As “zebras” pintadas pela prefeitura no asfalto de diversas ruas da cidade, visando facilitar a travessia de pedestres e assim minimizar o risco de atropelamentos, têm servido mais como elementos de decoração que de segurança.

Cidades de todo o mundo – e muitos municípios brasileiros também – fazem uso desse recurso inteligente que tenta preservar a integridade física de transeuntes. Seu uso pelos pedestres pressupõe, no entanto, um mínimo de educação e responsabilidade por parte de motoristas e motociclistas.

Educação no trânsito e responsabilidade para agir de forma sensata em situações de risco são qualidades pouco desenvolvidas em nosso país. O desrespeito a pedestres e incidência de inúmeros acidentes são simples conseqüência dessa triste realidade.

Iniciativas que revelam bom senso e preocupação com o bem estar e segurança dos cidadãos requerem particular atenção para um pré-requisito básico. Ou seja, no caso, o de se fazer uma ampla divulgação educativa pela prefeitura e meios de comunicação das razões que levaram à adoção da medida imposta. A fiscalização municipal ostensiva, por determinados períodos, certamente poderia contribuir, também, para a conscientização de motoristas negligentes.
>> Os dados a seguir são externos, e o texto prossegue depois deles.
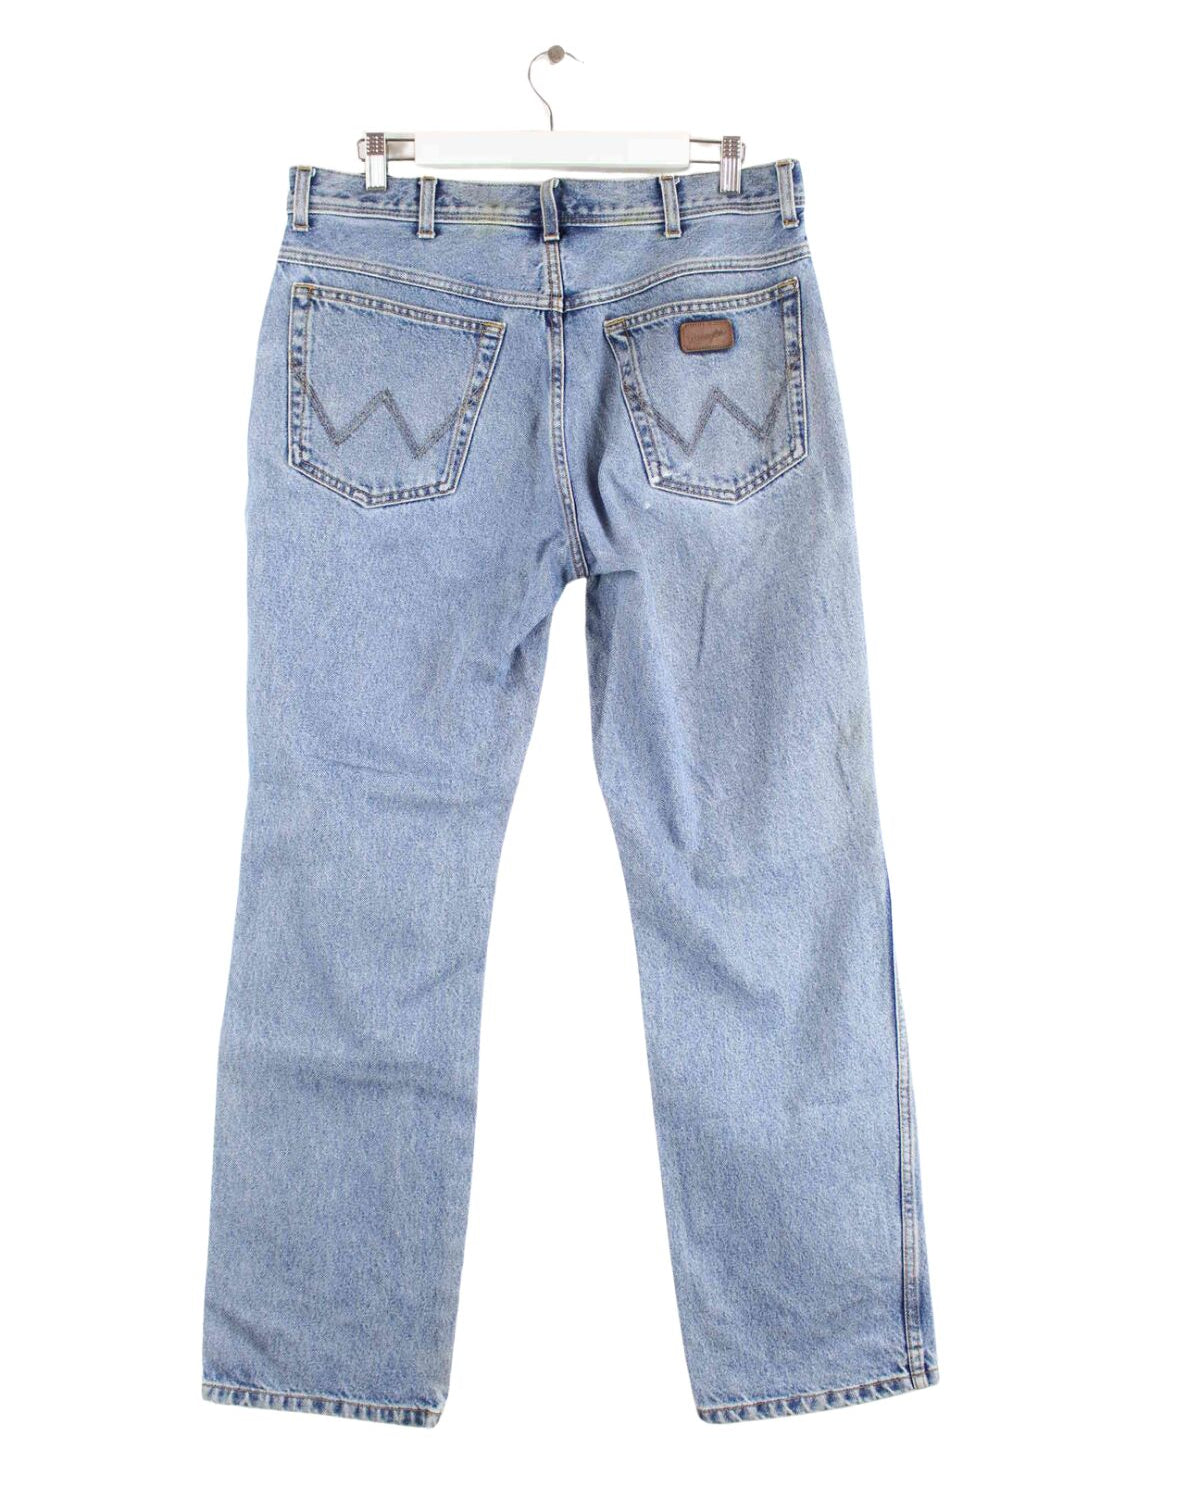 Wrangler Regular Fit Jeans Blau W36 L32 (back image)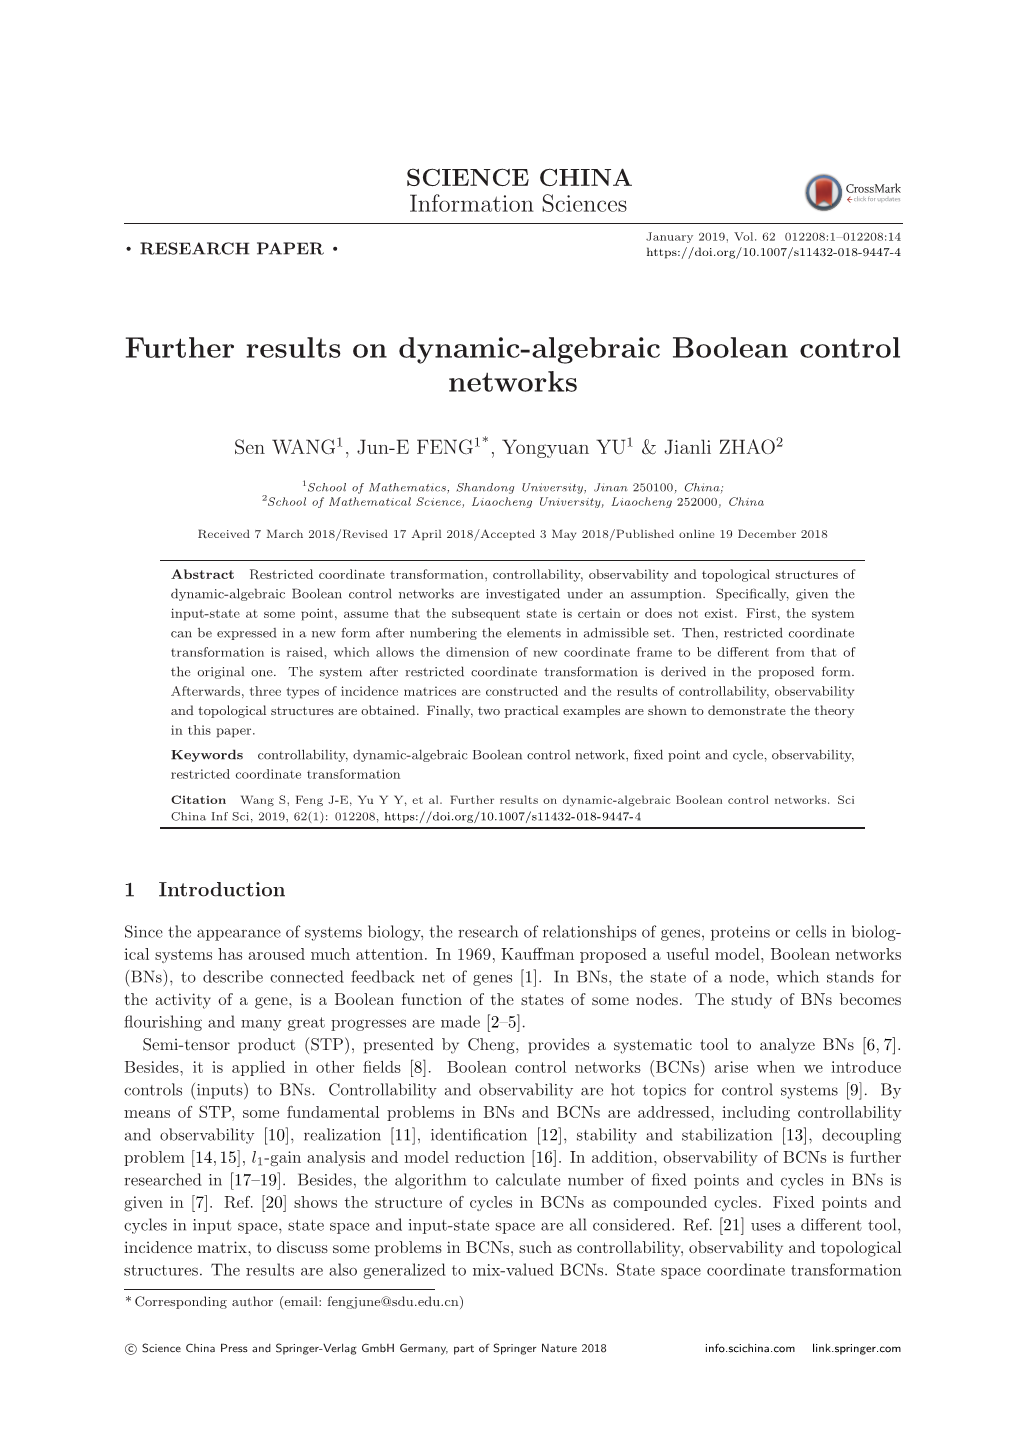 Further Results on Dynamic-Algebraic Boolean Control Networks

Distribuir folhetos de orientação aos visitantes, periodicamente, na entrada do portal, atingiria dupla finalidade: alertá-los para nossa preocupação com os pedestres e, de “lambuja”, dar-lhes uma demonstração do grau de civilidade da população holambrense, processo ainda em desenvolvimento.

Na contramão, exemplo condenável constatado esta semana, sobre o que ainda nos falta. Uma motocicleta foi estacionada na vaga para deficientes em frente ao Banco do Brasil, sem a maior cerimônia ou consciência, educação ou respeito. Triste retrato.

Nossa cultura preza o comodismo, o individualismo, o tirar vantagem de situações. Povos conscientes compreendem que quando a coletividade vai bem todos os indivíduos são beneficiados. Poderíamos então, quem sabe, aproveitar a oportunidade para fazermos uma campanha em prol da conscientização de motoristas, motociclistas  e até mesmo de pedestres. Pois estes, quando atrás do volante, não raro se transfiguram, apressados, impacientes, até mesmo mal educados.

Fica aqui, pois, a sugestão para que nosso município possa, com o tempo e simples medidas, se tornar um exemplo de urbanidade.

“Melhoram-se as plantas pela cultura. Os homens, pela educação.”